If you choose to pre-record your presentation, you may use can use any platform that works best for your group to record your presentation. Below are a few resources on recording videos:

Once your video is ready, upload the video to Warpwire or another video platform (e.g., YouTube), then add a link to your video in your repo README.

To upload your video to Warpwire:

  • Click the Warpwire tab in the course Sakai site.
  • Click the “+” and select “Upload files”.
  • Locate the video on your computer and click to upload.
  • Once you’ve uploaded the video to Warpwire, click to share the video and copy the video’s URL. You will need this when you post the video in the discussion forum.

Reproducibility + organization

All written work (with exception of presentation slides) should be reproducible, and the GitHub repo should be neatly organized.

Points for reproducibility + organization will be based on the reproducibility of the written report and the organization of the project GitHub repo. The repo should be neatly organized as described above, there should be no extraneous files, all text in the README should be easily readable.

Teamwork

You will be asked to fill out a survey where you rate the contribution and teamwork of each team member by assigning a contribution percentage for each team member. Filling out the survey is a prerequisite for getting credit on the team member evaluation. If you are suggesting that an individual did less than half the expected contribution given your team size (e.g., for a team of four students, if a student contributed less than 12.5% of the total effort), please provide some explanation. If any individual gets an average peer score indicating that this was the case, their grade will be assessed accordingly and penalties may apply beyond the teamwork component of the grade.

If you have concerns with the teamwork and/or contribution from any team members, please email me by the project presentation deadline. You only need to email me if you have concerns.

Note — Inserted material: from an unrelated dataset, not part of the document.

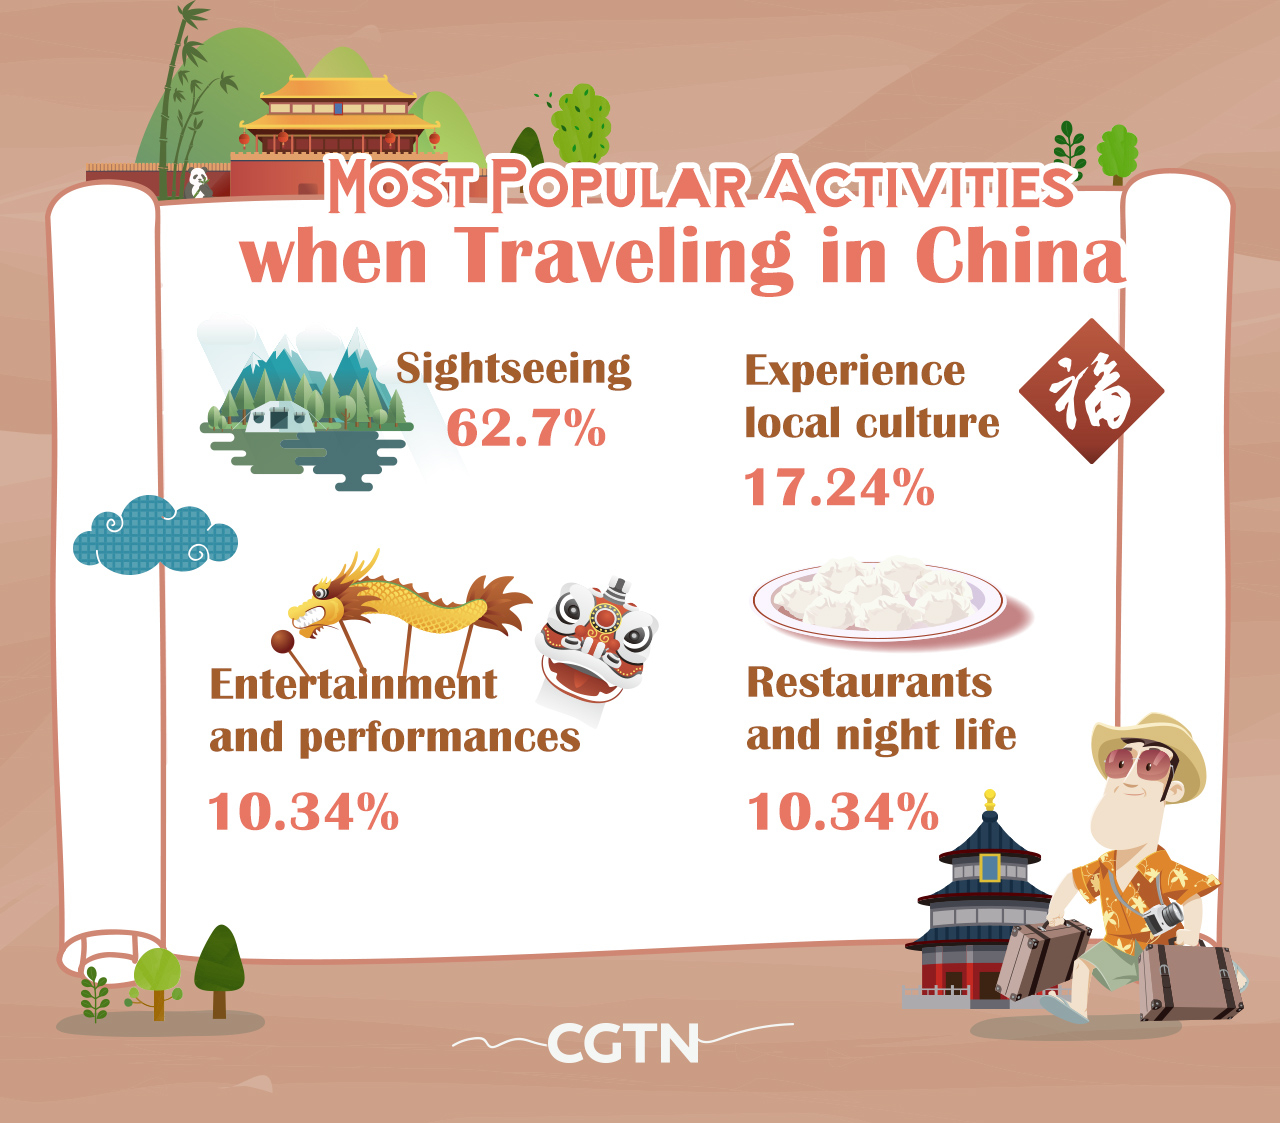 tourism to china down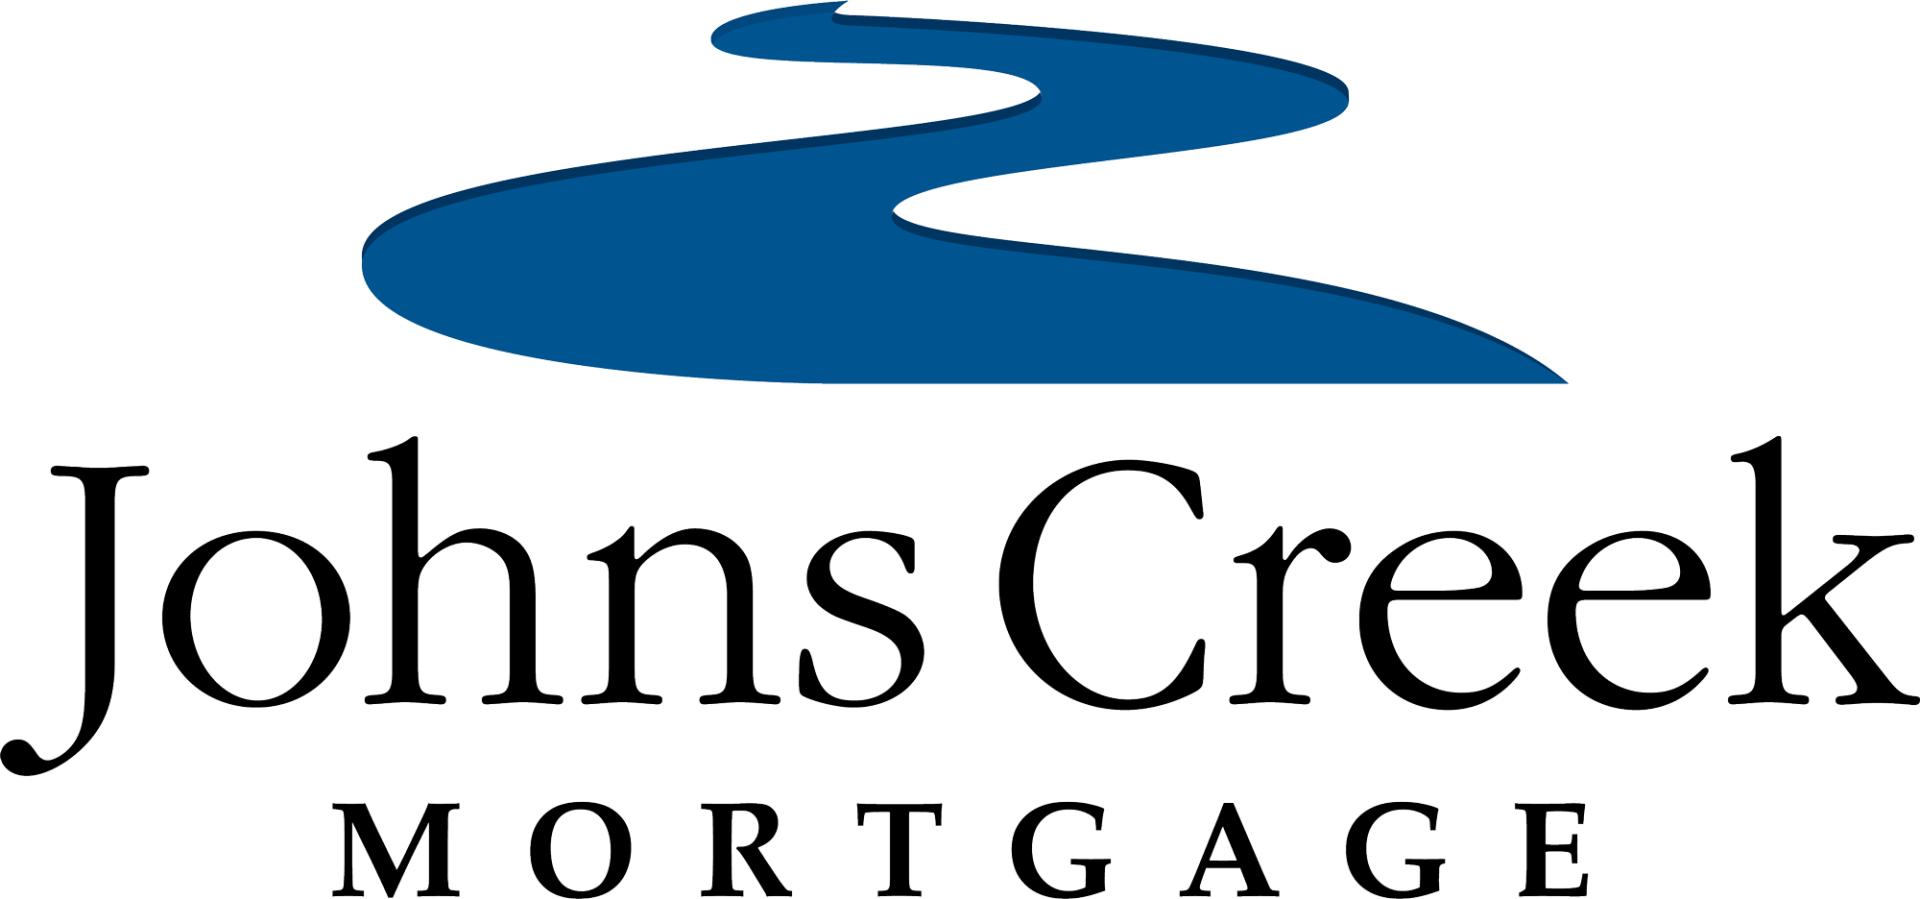 Johns Creek Mortgage LLC

Otherwise, I will assume everyone on the team equally contributed and will receive full credit for the teamwork portion of the grade.

Overall grading

The grade breakdown is as follows:

Total 100 pts
Project proposal 10 pts
Draft report 10 pts
Peer review 5 pts
Final report 40 pts
Slides + presentation 20 pts
Reproducibility + organization 5 pts
Teamwork 10 pts

Grading summary

Grading of the project will take into account the following:

  • Content - What is the quality of research and/or policy question and relevancy of data to those questions?
  • Correctness - Are statistical procedures carried out and explained correctly?
  • Writing and Presentation - What is the quality of the statistical presentation, writing, and explanations?
  • Creativity and Critical Thought - Is the project carefully thought out? Are the limitations carefully considered? Does it appear that time and effort went into the planning and implementation of the project?

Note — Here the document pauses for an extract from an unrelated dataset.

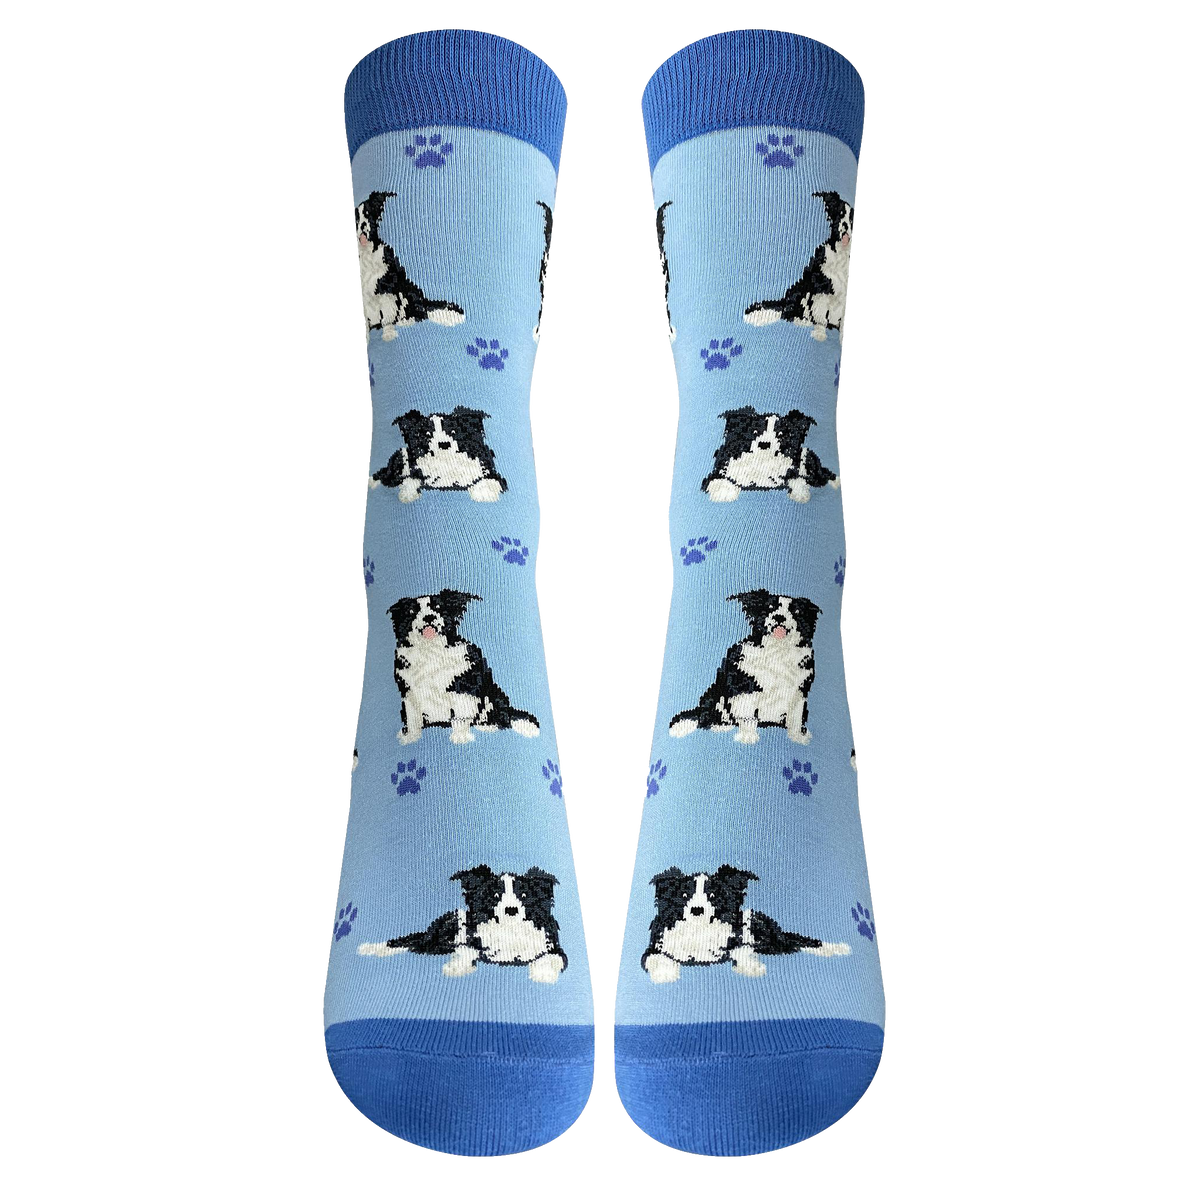 Border Collie Dog Socks

A general breakdown of scoring is as follows:

  • 90%-100%: Outstanding effort. Student understands how to apply all statistical concepts, can put the results into a cogent argument, can identify weaknesses in the argument, and can clearly communicate the results to others.
  • 80%-89%: Good effort. Student understands most of the concepts, puts together an adequate argument, identifies some weaknesses of their argument, and communicates most results clearly to others.
  • 70%-79%: Passing effort. Student has misunderstanding of concepts in several areas, has some trouble putting results together in a cogent argument, and communication of results is sometimes unclear.
  • 60%-69%: Struggling effort. Student is making some effort, but has misunderstanding of many concepts and is unable to put together a cogent argument. Communication of results is unclear.
  • Below 60%: Student is not making a sufficient effort.

Late work policy

There is no late work accepted on this project. Be sure to turn in your work early to avoid any technological mishaps.